本題考查棧的基礎應用,可以利用棧的入棧、出棧操作完成解答。
對字串的每個字元進行遍歷,如果是左括號,進行入棧操作;
這一步完成需要判斷一下棧是否為空,也就是說如果剛開始的是右括號的話,明顯是不可匹配的,直接返回false;
上面已經判斷了不是左括號,接著就要判斷右括號和棧頂的括號(執行pop()操作)是否匹配,不匹配直接返回false;
最後注意遍歷完成以後,如果全部匹配的話,push()和pop()操作是成對出現的,返回的是stack.isEmpty(),這樣也可以保證了題目中“Note that an empty string is also considered valid”,空串也認為是可以匹配的。
程式碼如下:
class Solution {
public boolean isValid(String s) {
Stack<Character> stack = new Stack<>();
for(int i = 0 ; i < s.length() ; i ++){
char c = s.charAt(i);
if(c == '(' || c == '[' || c == '{'){
stack.push(c);
} else{
if(stack.isEmpty()){
return false;
}
char topChar = stack.pop();
if(c == ')' && topChar != '(')
return false;
if(c == ']' && topChar != '[')
return false;
if(c == '}' && topChar != '{')
return false;
}
}
return stack.isEmpty();
}
}
LeetCode 71. Simplify Path
Description:
Given an absolute path for a file (Unix-style), simplify it.
For example,
path = “/home/”, => “/home”
path = “/a/./b/…/…/c/”, => “/c”
path = “/a/…/…/b/…/c//.//”, => “/c”
path = “/a//b////c/d//././/…”, => “/a/b/c”

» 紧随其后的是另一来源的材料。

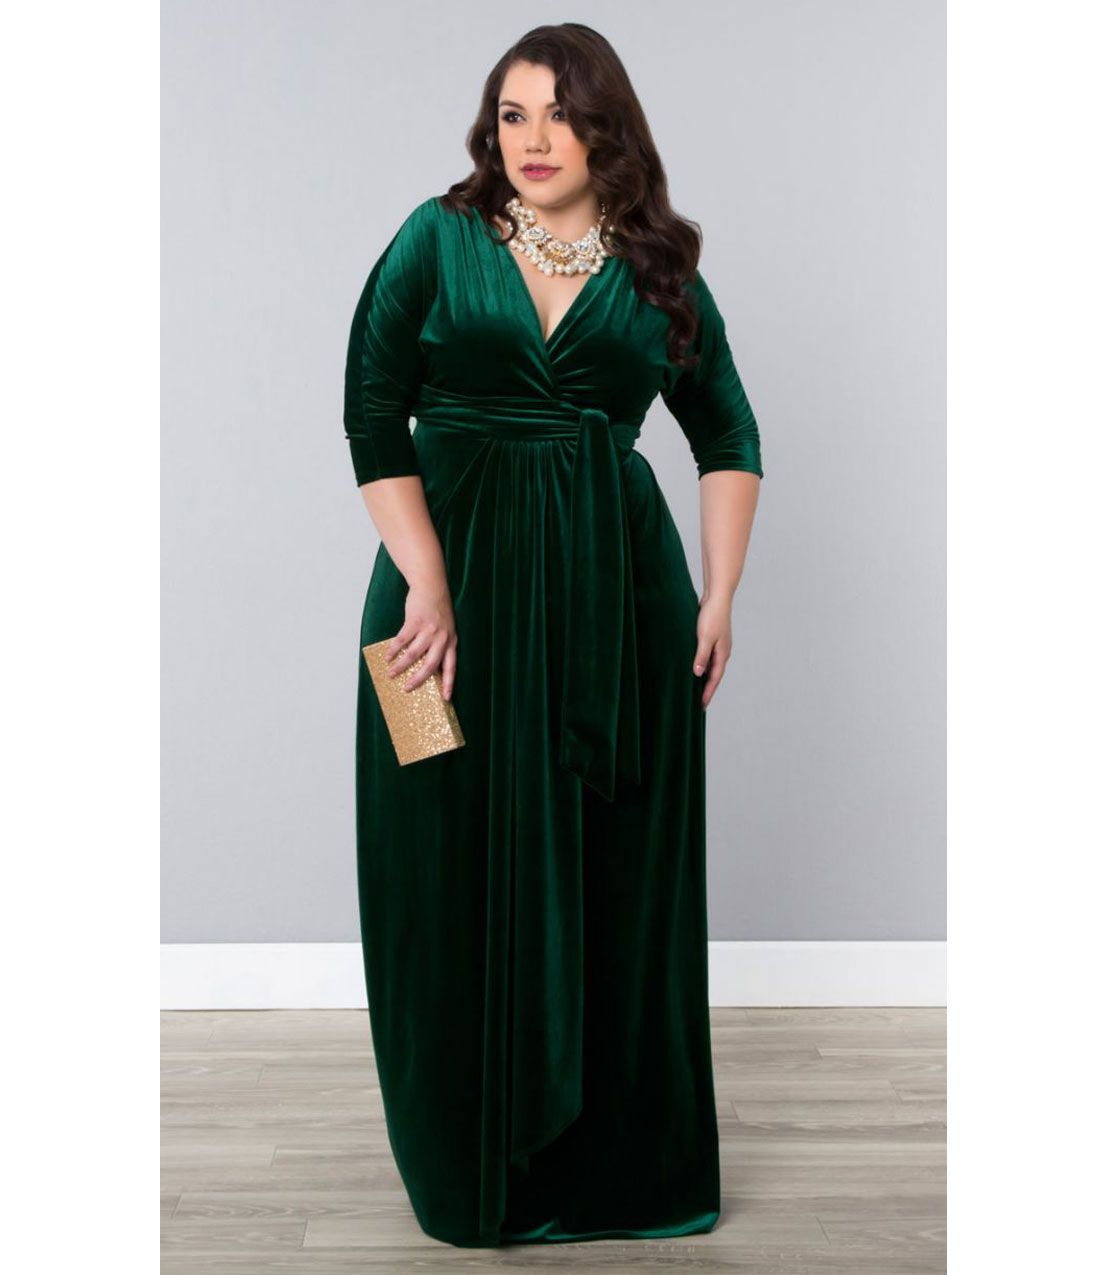 Green Velvet Dress Plus Size

In a UNIX-style file system, a period (’.’) refers to the current directory, so it can be ignored in a simplified path. Additionally, a double period ("…") moves up a directory, so it cancels out whatever the last directory was. For more information, look here: https://en.wikipedia.org/wiki/Path_(computing)#Unix_style
Corner Cases:
- Did you consider the case where path = “/…/”?
In this case, you should return “/”. - Another corner case is the path might contain multiple slashes ‘/’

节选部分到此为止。